5. The Shan falling tone is different from the Thai falling tone. It is short, creaky and ends with a glottal stop.

==== Contrastive tones in checked syllables ====
The table below presents four phonemic tones in checked syllables, i.e. closed syllables ending in a glottal stop [ʔ] and obstruent sounds such as [p], [t], and [k].

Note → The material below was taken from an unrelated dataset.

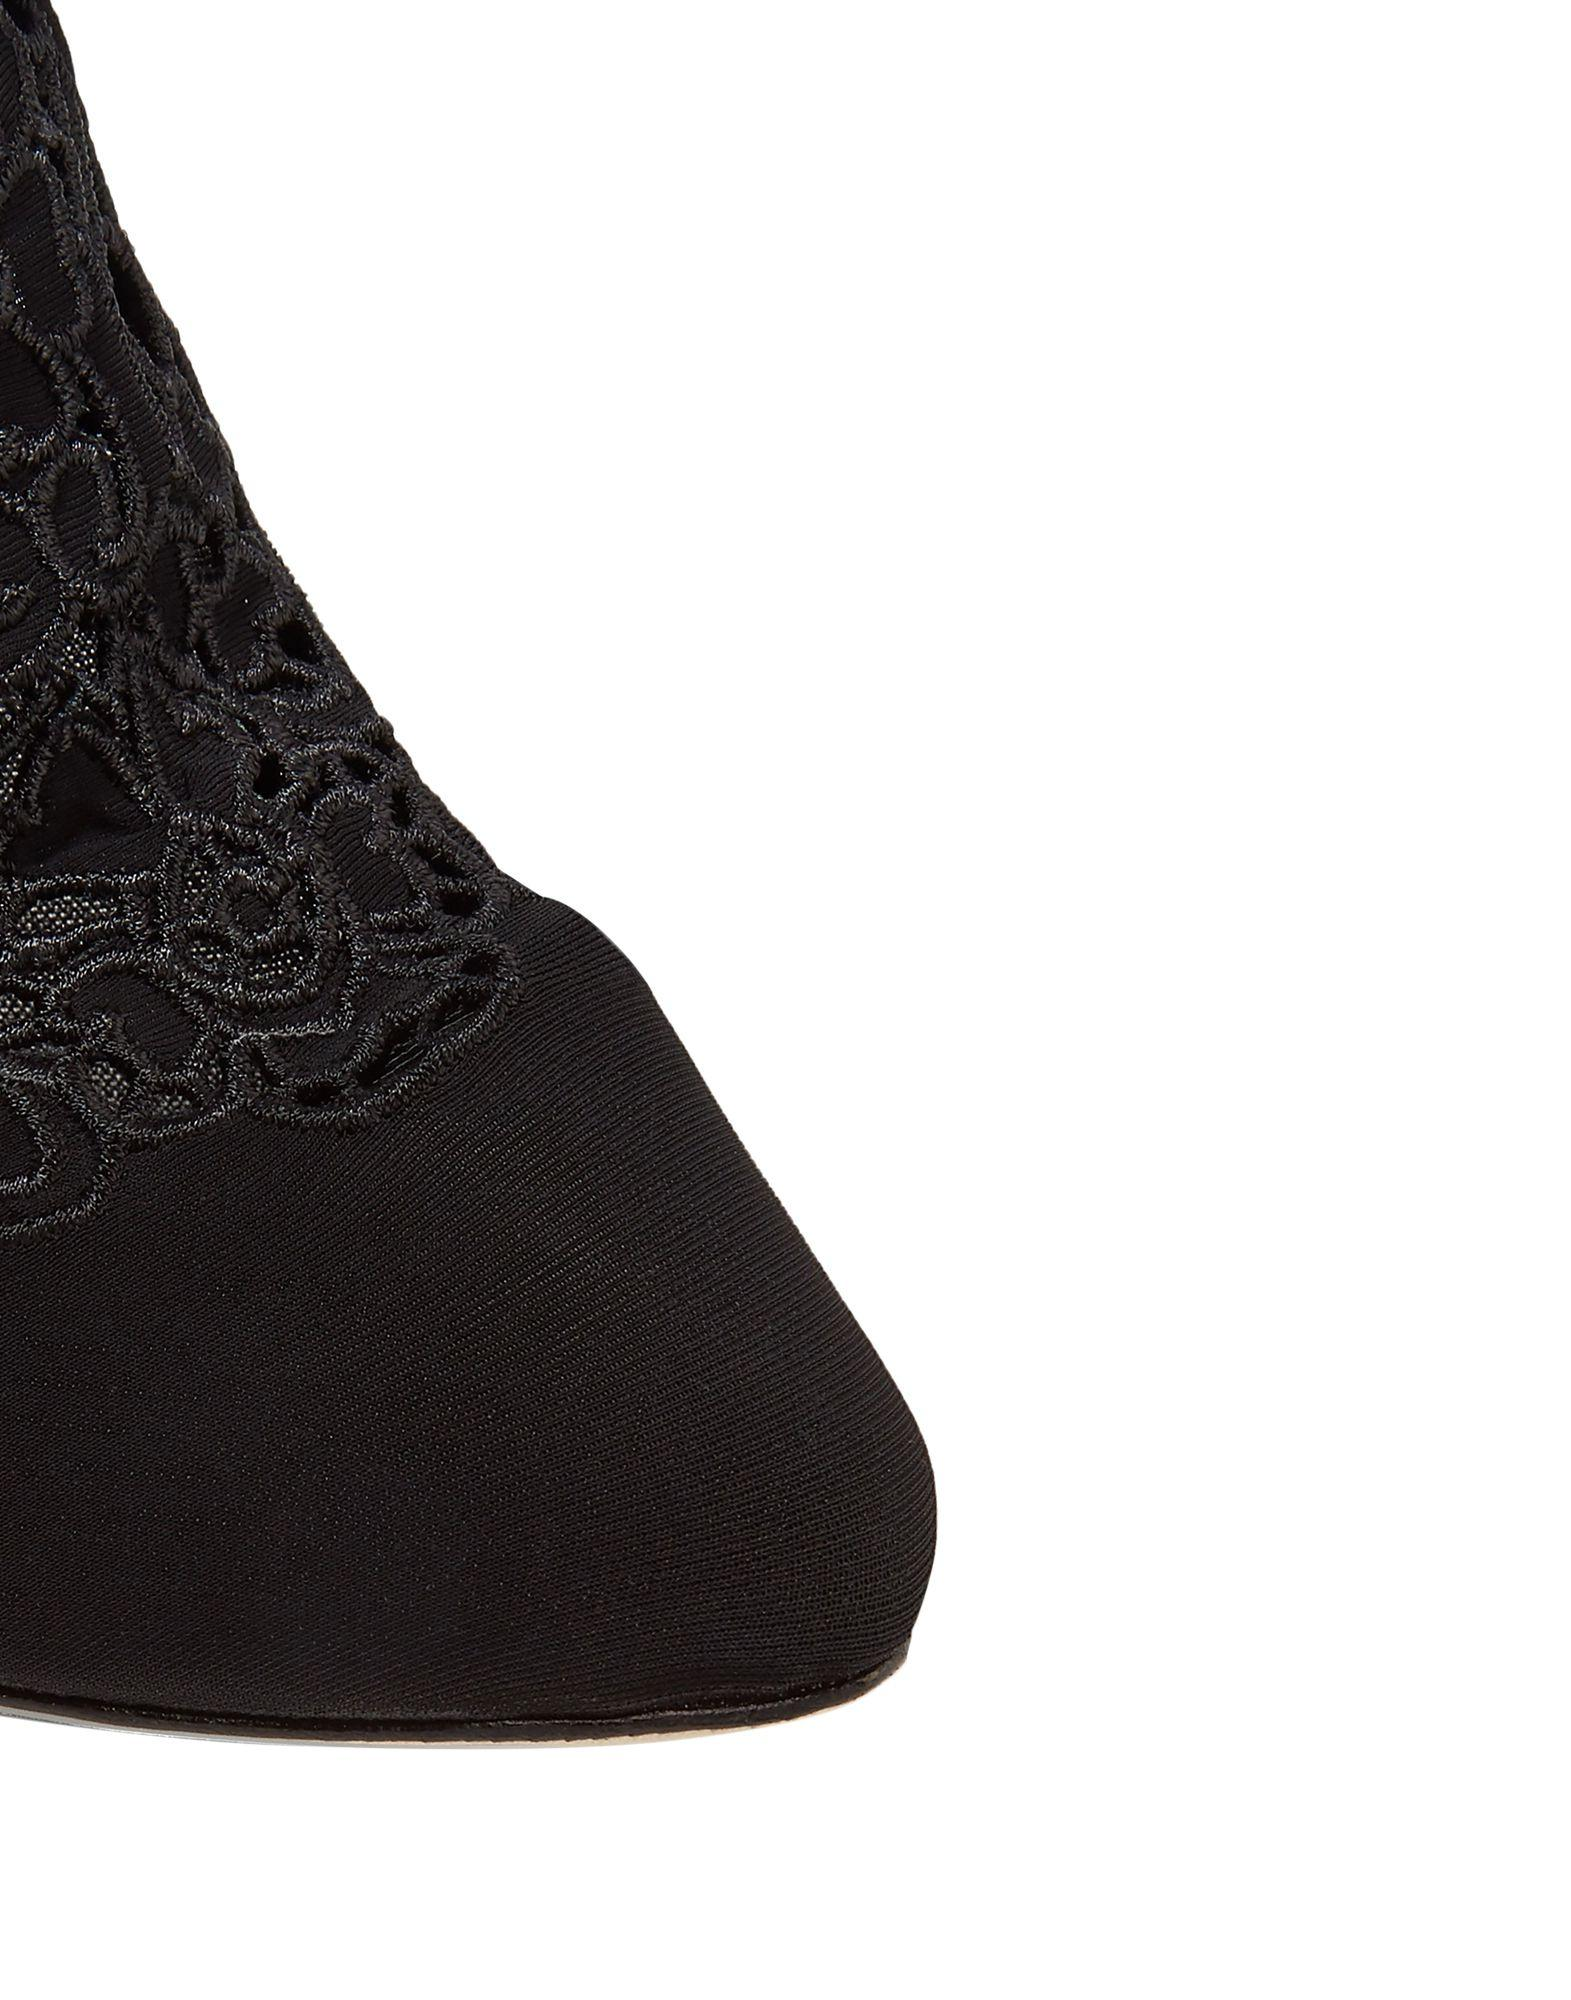 Botas Dolce & Gabbana de Encaje de color Negro

| Tone | Shan | Phonemic | Phonetic | Transliteration | English |
|---|---|---|---|---|---|
| high | လၵ်း | /lák/ | [lak˥] | lak: | post |
| creaky | လၵ်ႉ | /la̰k/ | [la̰k˦˨ˀ] | lak. | steal |
| low | လၢၵ်ႇ | /làːk/ | [laːk˩] | laak, | differ from others |
| mid | လၢၵ်ႈ | /lāːk/ | [laːk˧˨] | laak; | drag |

===Syllable structure===
The syllable structure of Shan is C(G)V((V)/(C)), which is to say the onset consists of a consonant optionally followed by a glide, and the rhyme consists of a monophthong alone, a monophthong with a consonant, or a diphthong alone. (Only in some dialects, a diphthong may also be followed by a consonant)

The glides are: -w-, -y- and -r-.
There are seven possible final consonants: //ŋ//, //n//, //m//, //k//, //t//, //p//, and //ʔ//.

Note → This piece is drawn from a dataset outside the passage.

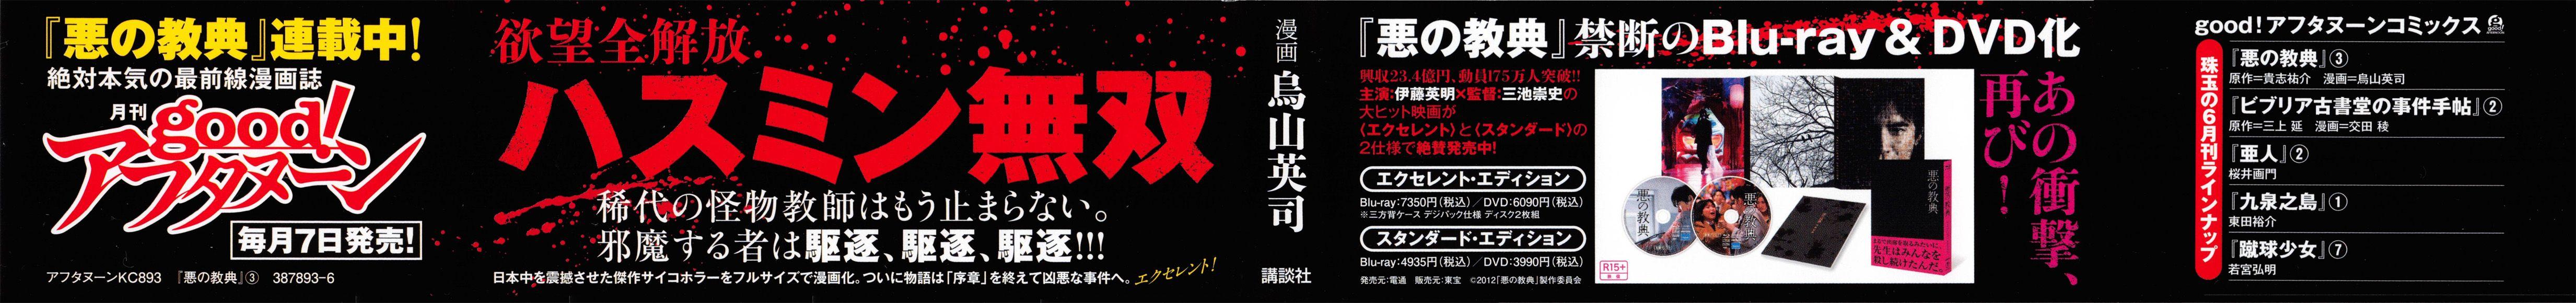 http://c5.ninemanga.com/es_manga/pic2/3/19523/524169/edc250903655029fe0bef183aa4de288.jpg Page 2

Some representative words are:
- CV //kɔ// also
- CVC //kàːt// market
- CGV //kwàː// to go
- CGVC //kwaːŋ// broad
- CVV //kǎi// far
- CGVV //kwáːi// water buffalo

Typical Shan words are monosyllabic. Multisyllabic words are mostly Pali loanwords, or Burmese words with the initial weak syllable //ə//.

==Pronouns==

| Person | Pronoun | IPA | Meaning |
| first | ၵဝ် | [kǎw] | I/me (informal) |
| တူ | [tǔ] | I/me (informal) |
| ၶႃႈ | [kʰaː] | I/me (formal) "servant, slave" |
| ႁႃး | [háː] | we/us two (familiar/dual) |
| ႁဝ်း | [háw] | we/us (general) |
| ႁဝ်းၶႃႈ | [háw.kʰaː] | we/us (formal) "we servants, we slaves" |
| second | မႂ်း | [máɰ] | you (informal/familiar) |
| ၸဝ်ႈ | [tɕaw] | you (formal) "master, lord" |
| ၶိူဝ် | [kʰɤ̂] | you two (familiar/dual) |
| သူ | [sǔ] | you (formal/singular, general/plural) |
| သူၸဝ်ႈ | [sǔ.tɕaw] | you (formal/singular, general/plural) "you masters, you lords" |
| third | မၼ်း | [mán] | he/she/it (informal/familiar) |
| ၶႃ | [kʰǎː] | they/them two (familiar/dual) |
| ၶဝ် | [kʰǎw] | he/she/it (formal), or they/them (general) |
| ၶဝ်ၸဝ်ႈ | [kʰǎw.tɕaw] | he/she/it (formal), or they/them (formal) "they masters, they lords" |
| ပိူၼ်ႈ | [pɤn] | they/them, others |

==Resources==
Given the present instabilities in Burma, one choice for scholars is to study the Shan people and their language in Thailand, where estimates of Shan refugees run as high as two million, and Mae Hong Son Province is home to a Shan majority. The major source for information about the Shan language in English is Dunwoody Press's Shan for English Speakers. They also publish a Shan-English dictionary. Aside from this, the language is almost completely undescribed in English.